▶ _WHAT YOU NEED TO DO_
Nothing but a verbatim copy of the data, minus the images, should be returned.

▶ _PROVIDED MATERIAL_
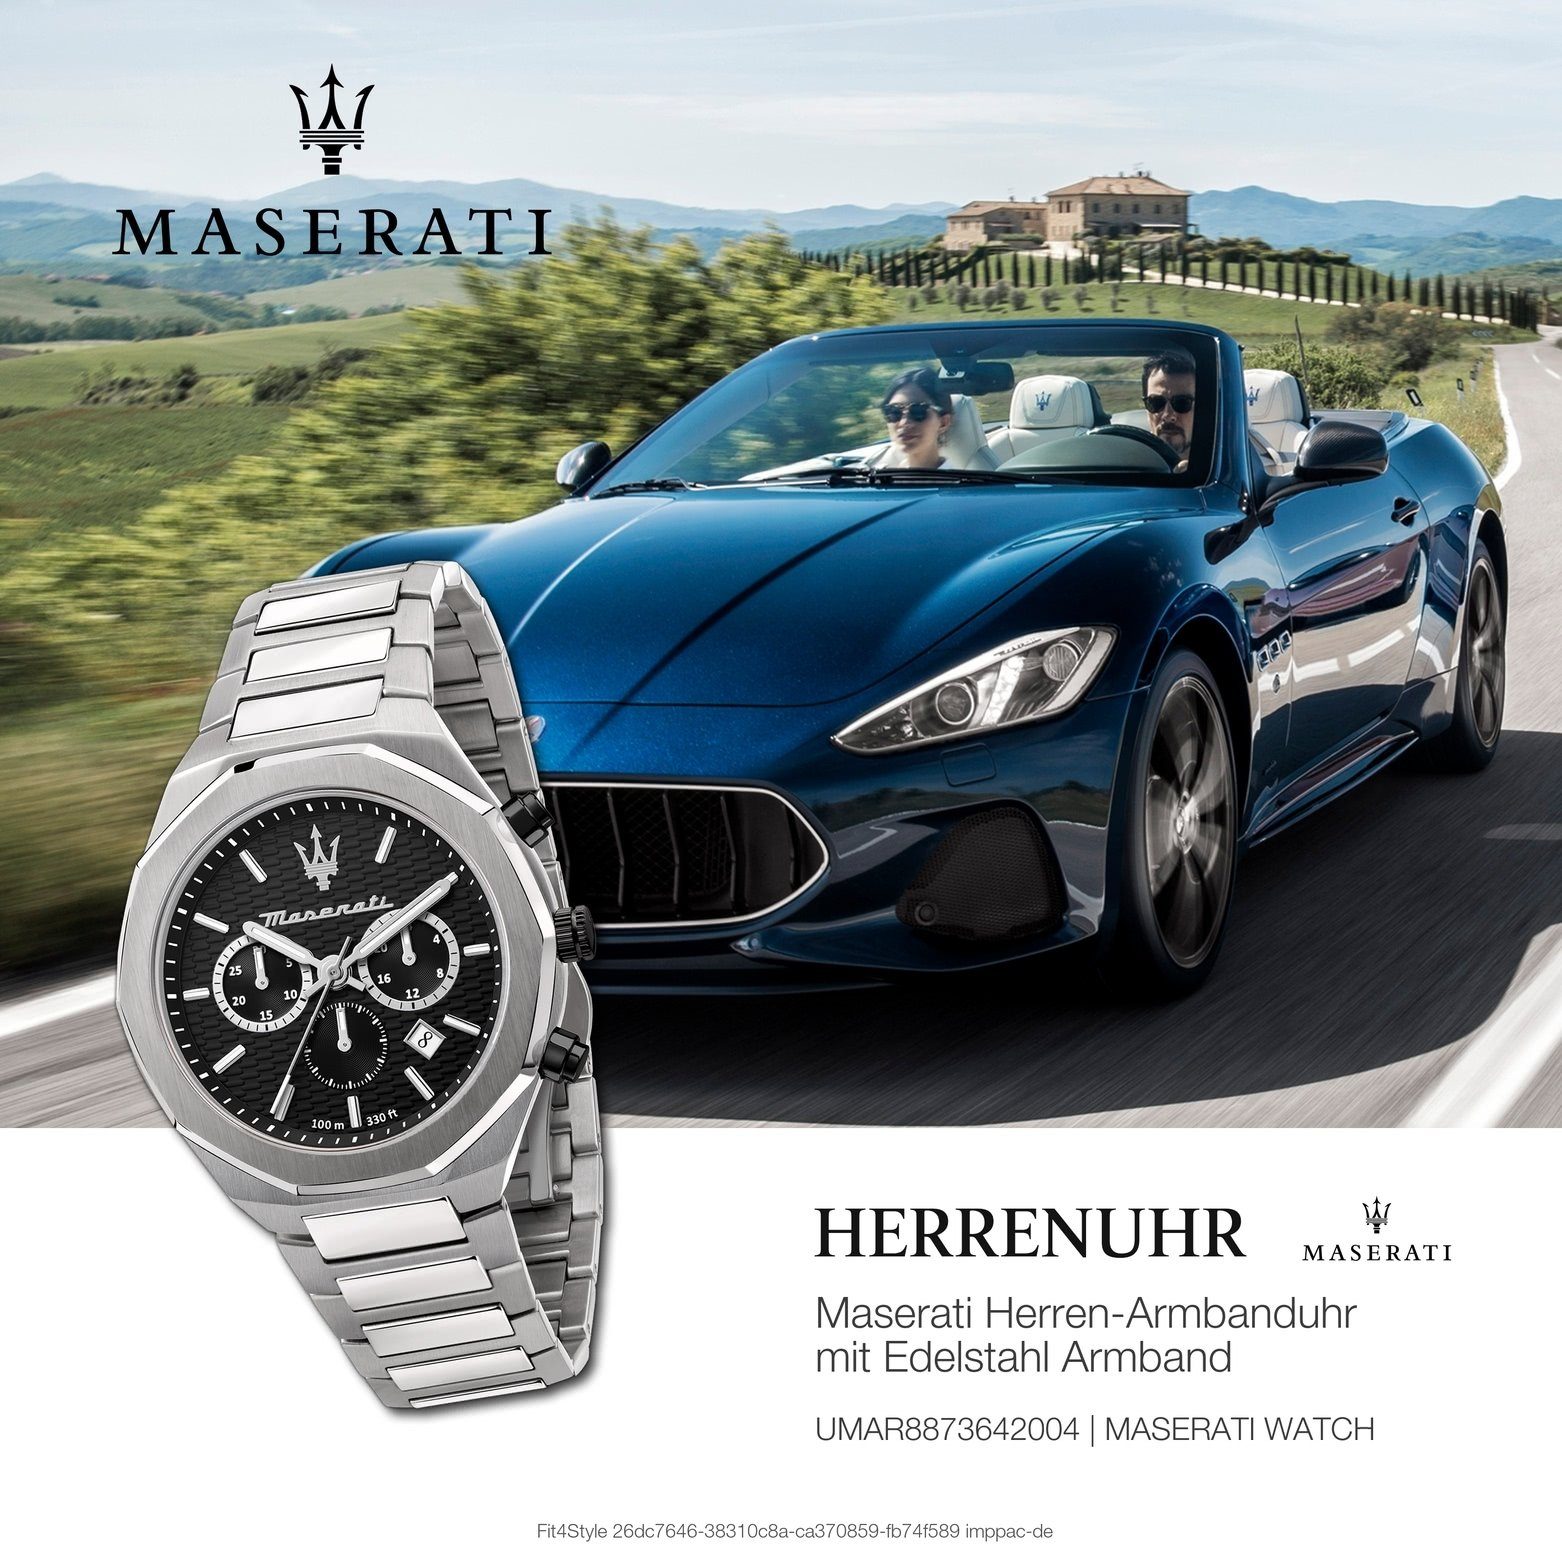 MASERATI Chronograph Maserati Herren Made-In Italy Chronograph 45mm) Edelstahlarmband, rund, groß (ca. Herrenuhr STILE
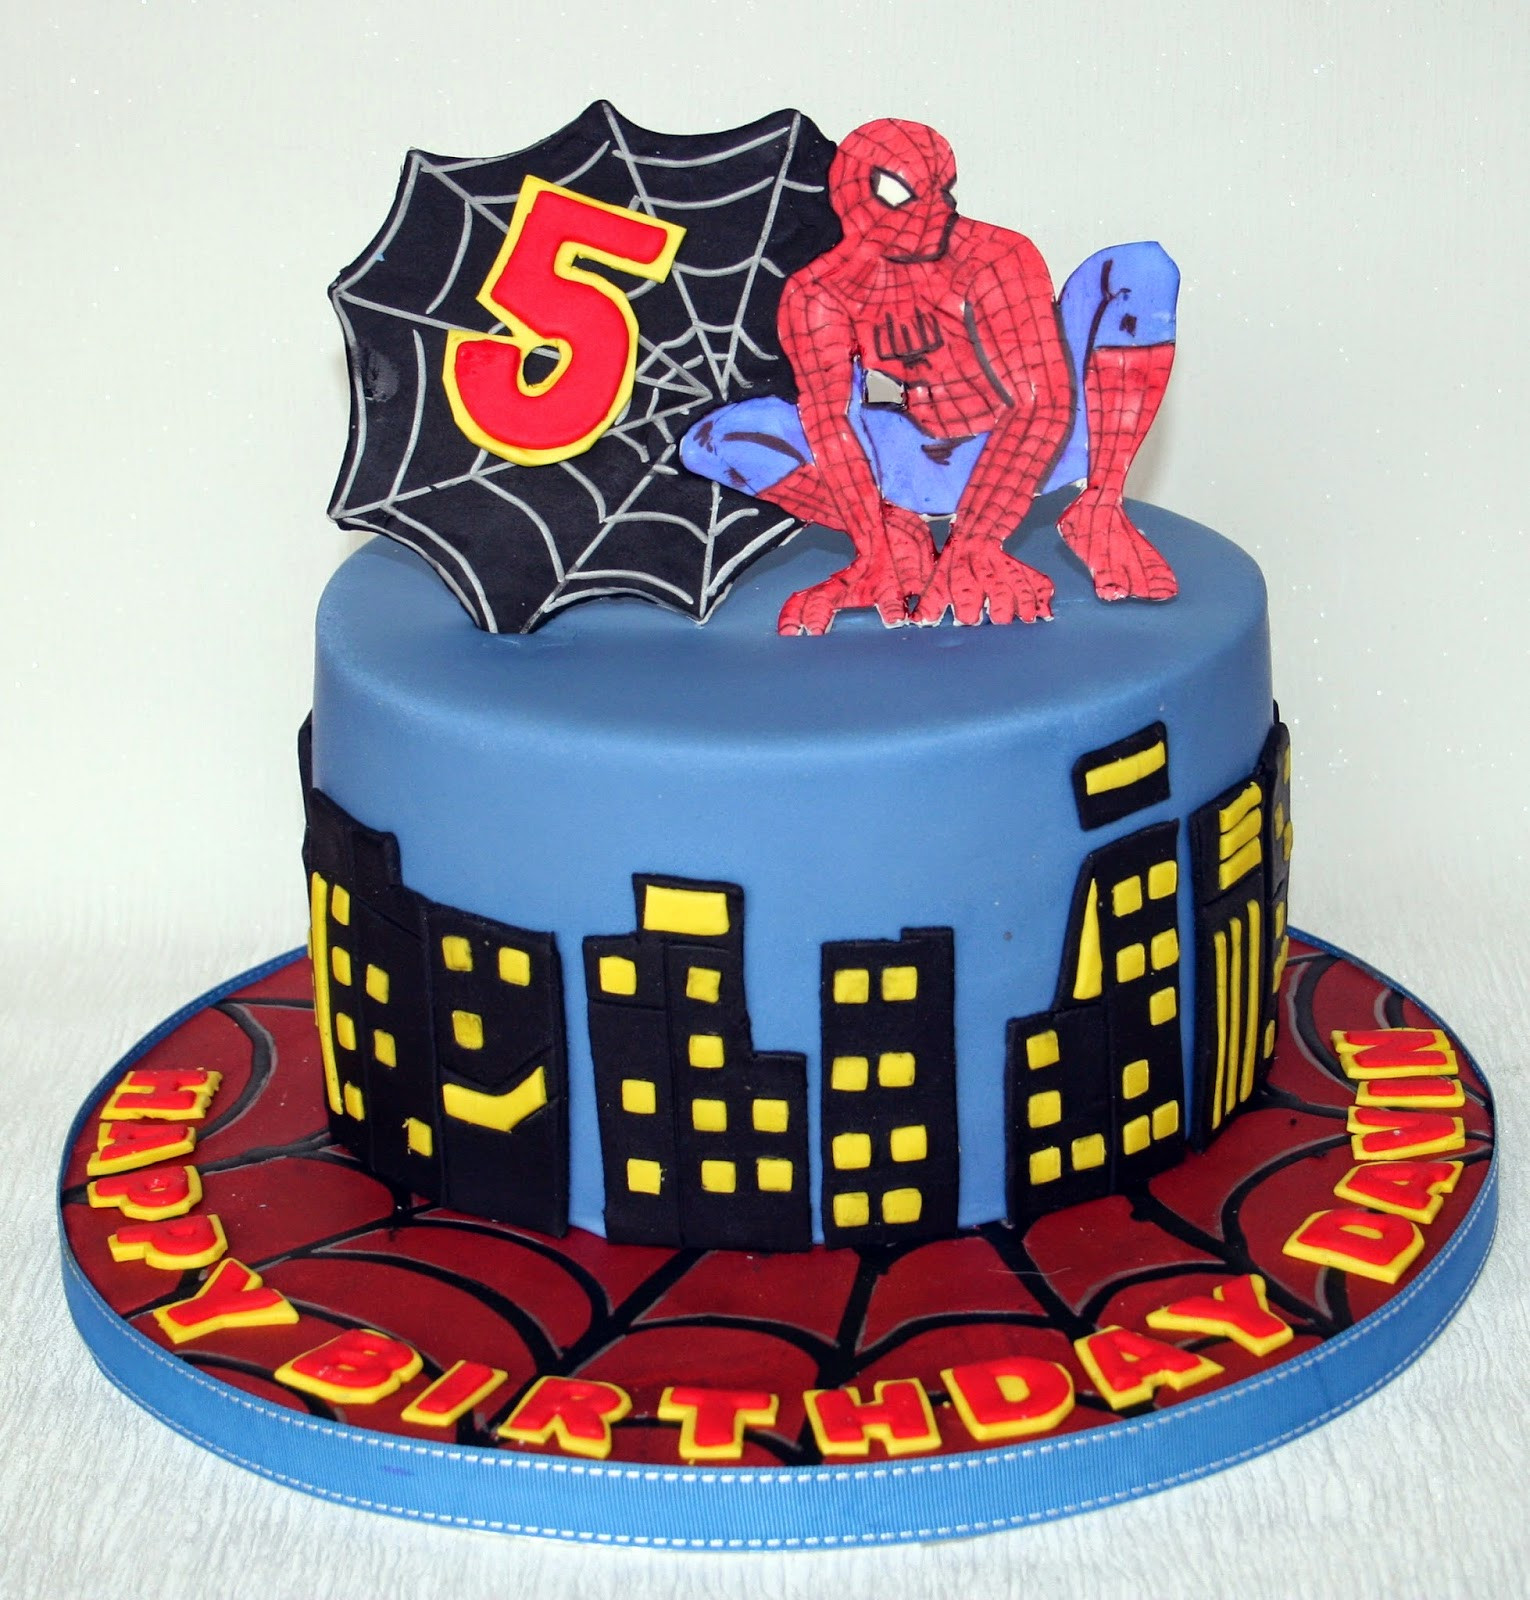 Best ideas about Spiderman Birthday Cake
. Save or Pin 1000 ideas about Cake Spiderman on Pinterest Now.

▶ _SOLUTION TO THIS EXERCISE_
 MASERATI Chronograph Maserati Herren Made-In Italy Chronograph 45mm) Edelstahlarmband, rund, groß (ca. Herrenuhr STILE
 Best ideas about Spiderman Birthday Cake
. Save or Pin 1000 ideas about Cake Spiderman on Pinterest Now.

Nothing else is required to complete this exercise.